▸ **Work item**
Each line from the one containing "Ceiling Lift Tracks" to the end of the material below is to be restated exactly, with pictures skipped.

▸ **Recorded data**
-*-*-
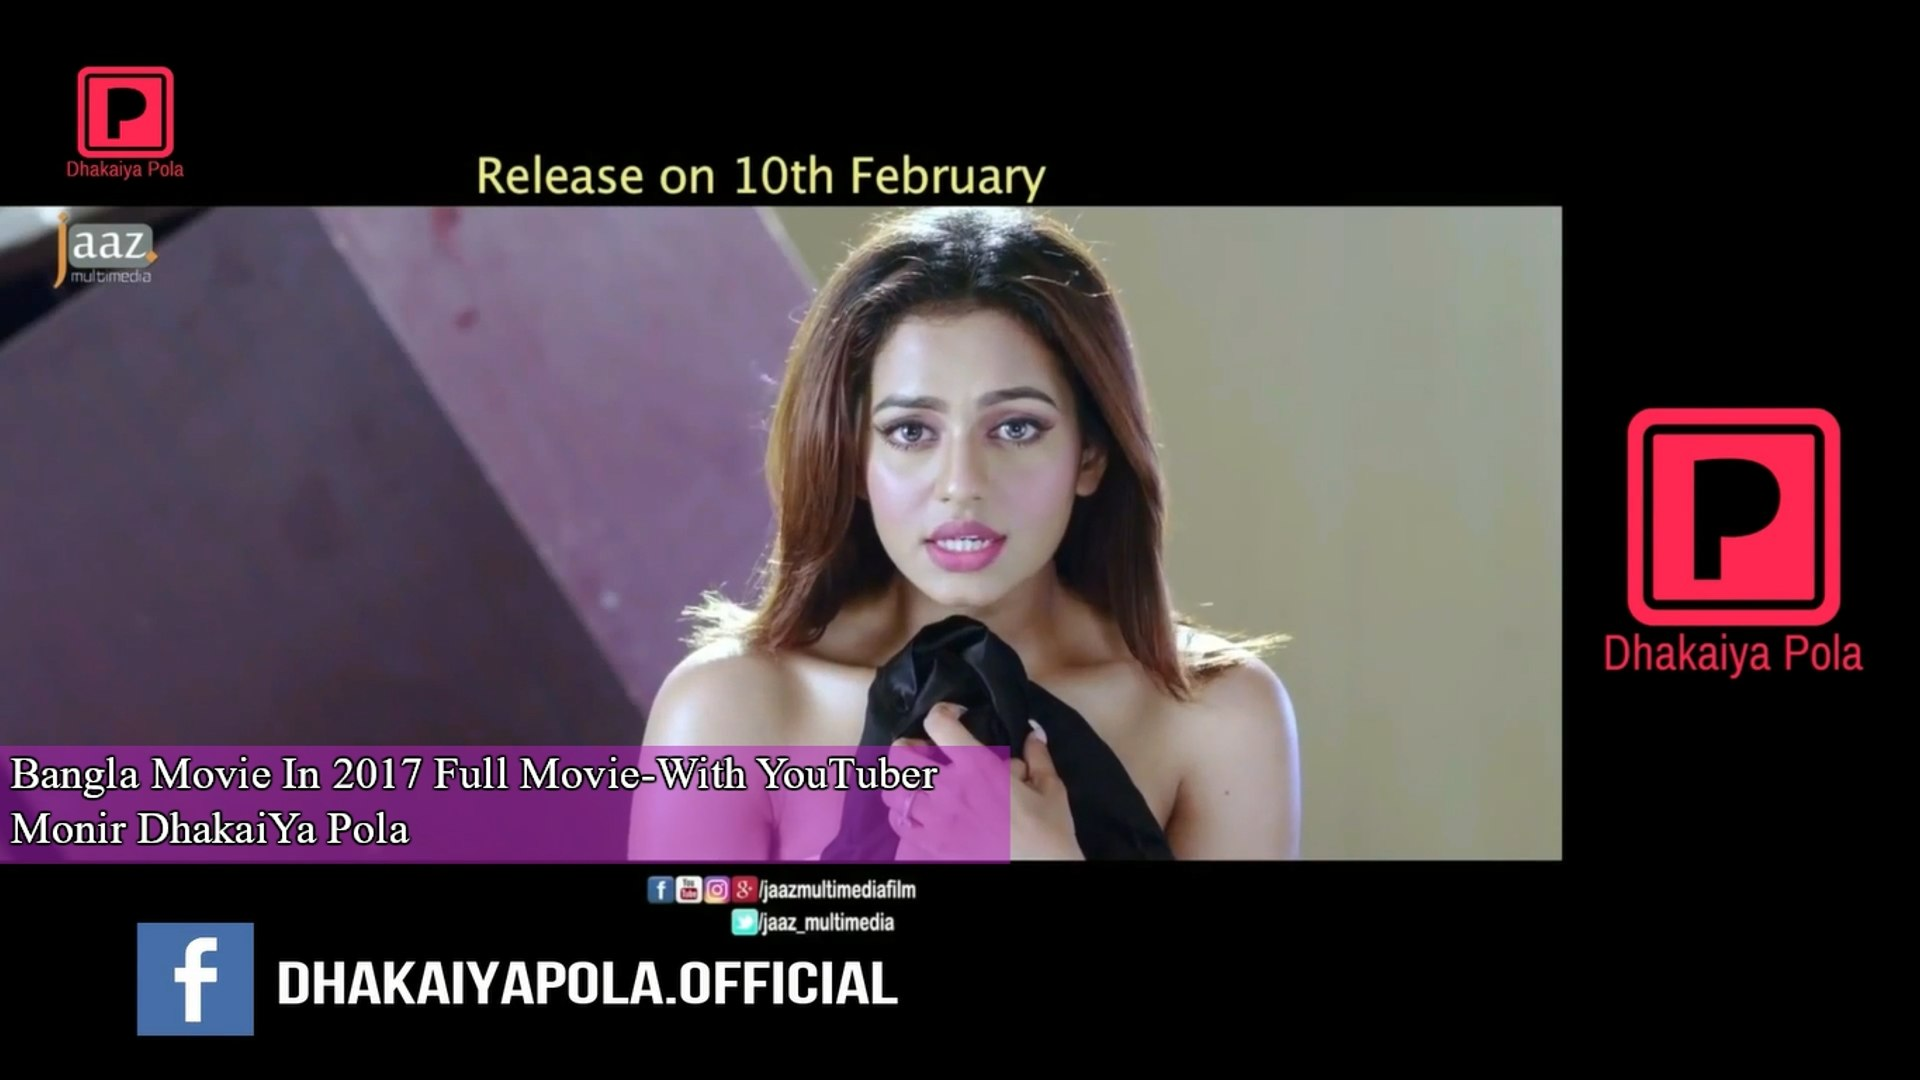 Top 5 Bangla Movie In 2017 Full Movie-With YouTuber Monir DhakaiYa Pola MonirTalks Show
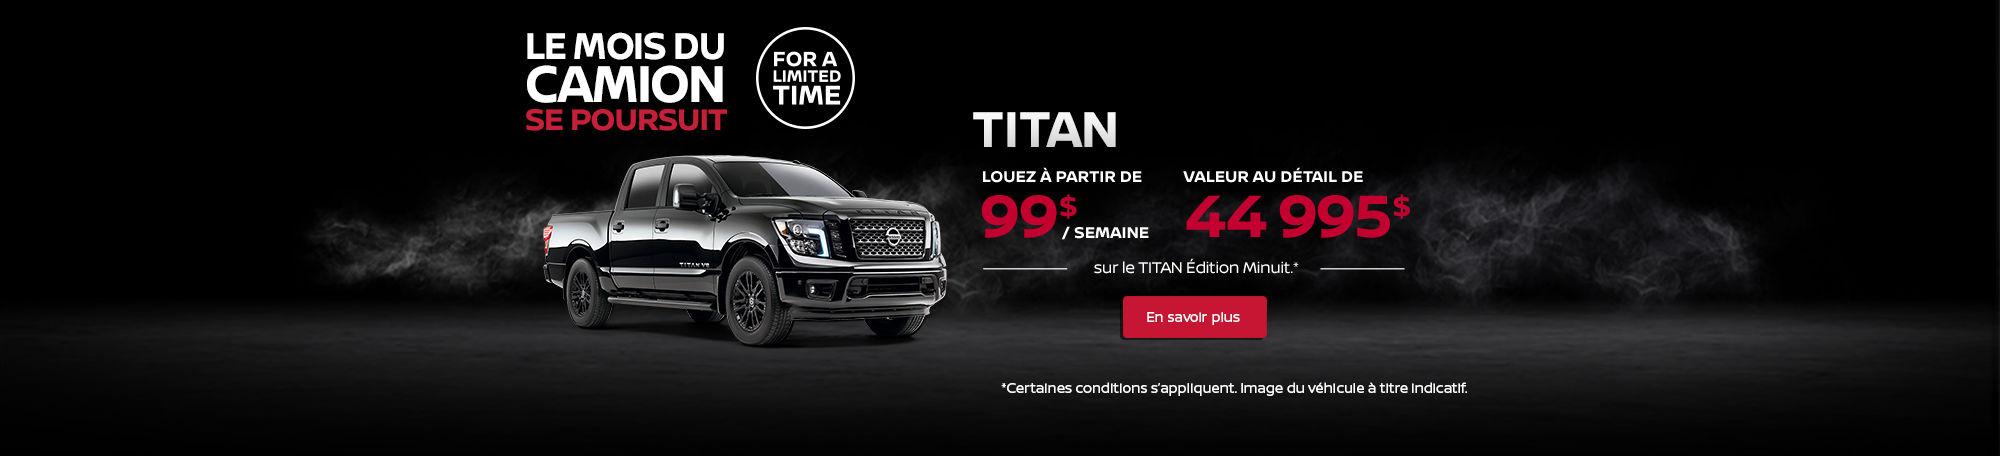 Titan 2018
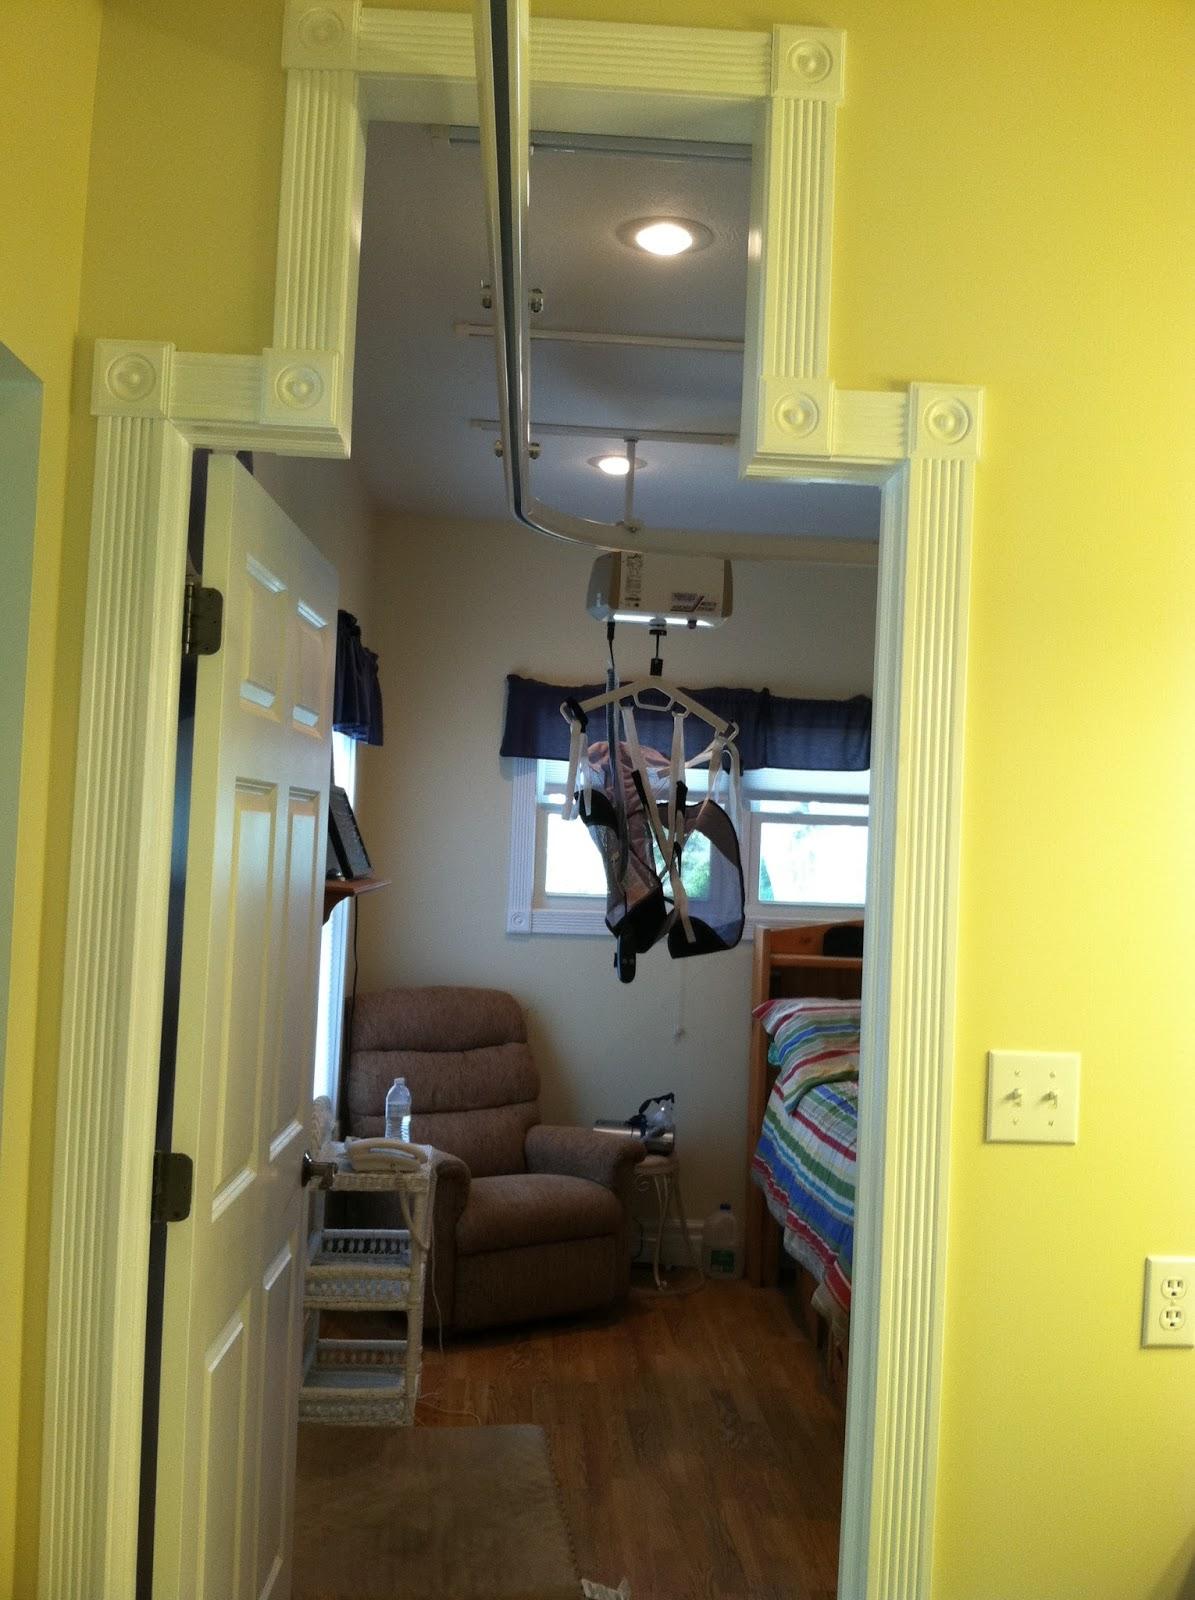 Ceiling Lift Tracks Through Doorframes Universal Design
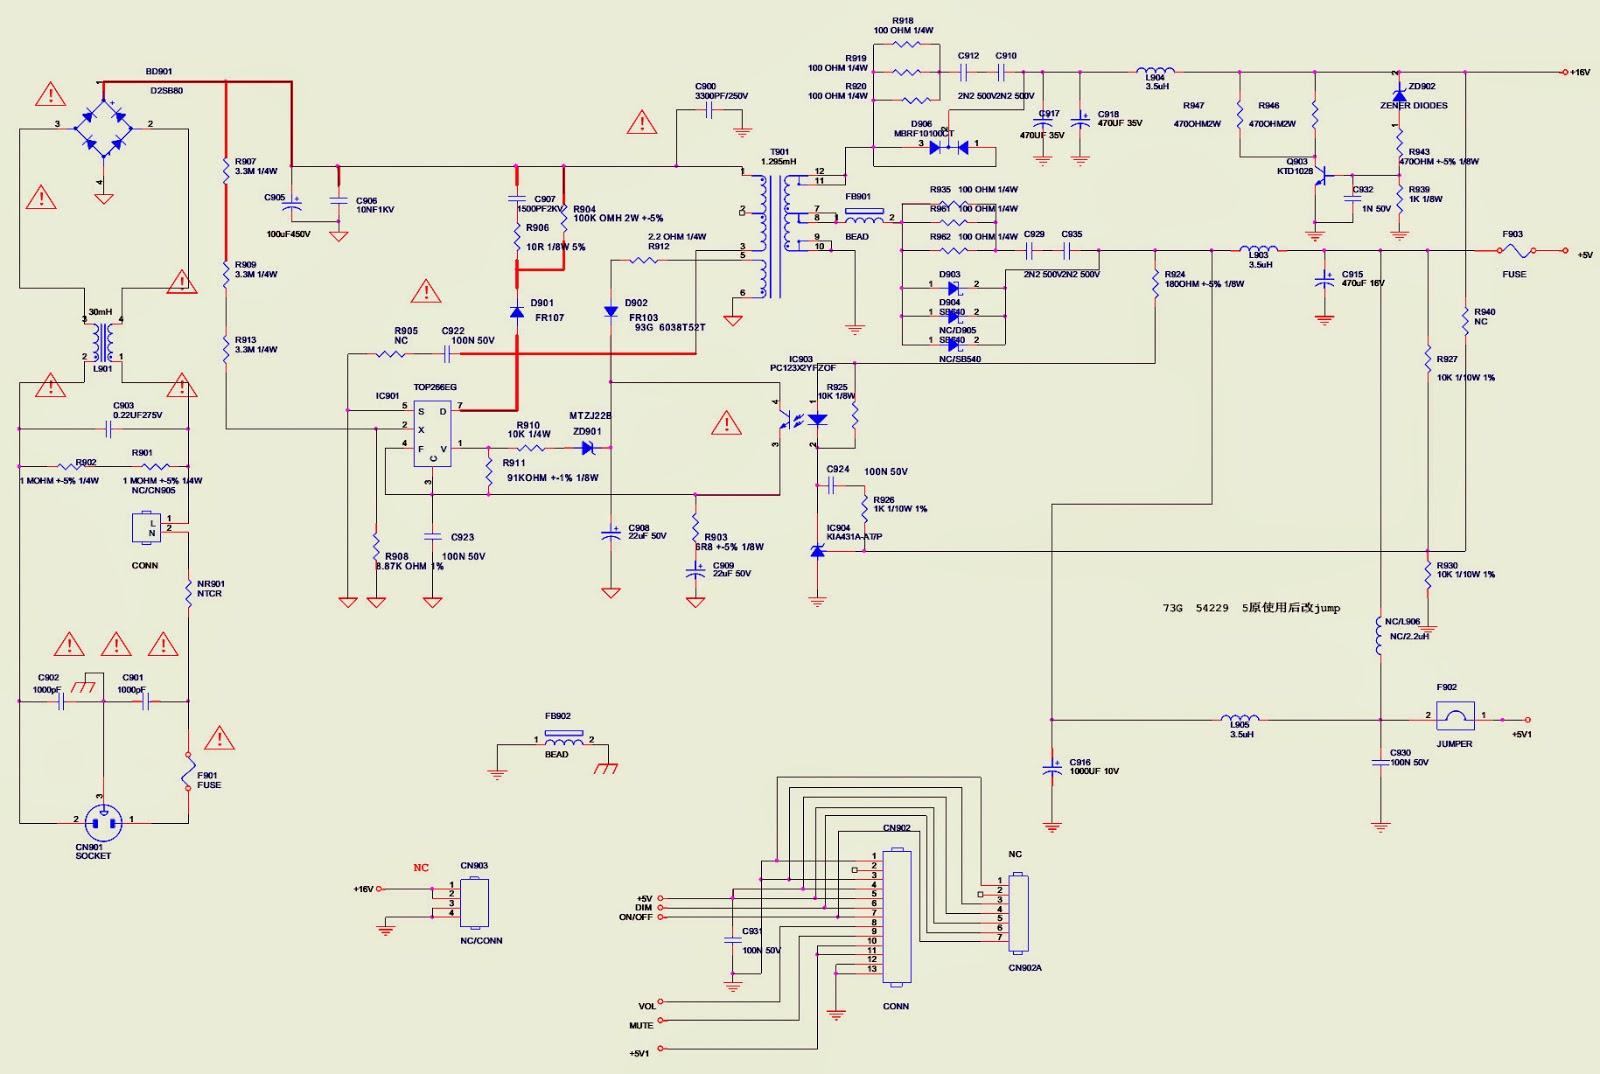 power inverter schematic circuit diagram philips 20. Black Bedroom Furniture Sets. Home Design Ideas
-*-*-
▸ **Response**
 Ceiling Lift Tracks Through Doorframes Universal Design
 power inverter schematic circuit diagram philips 20. Black Bedroom Furniture Sets. Home Design Ideas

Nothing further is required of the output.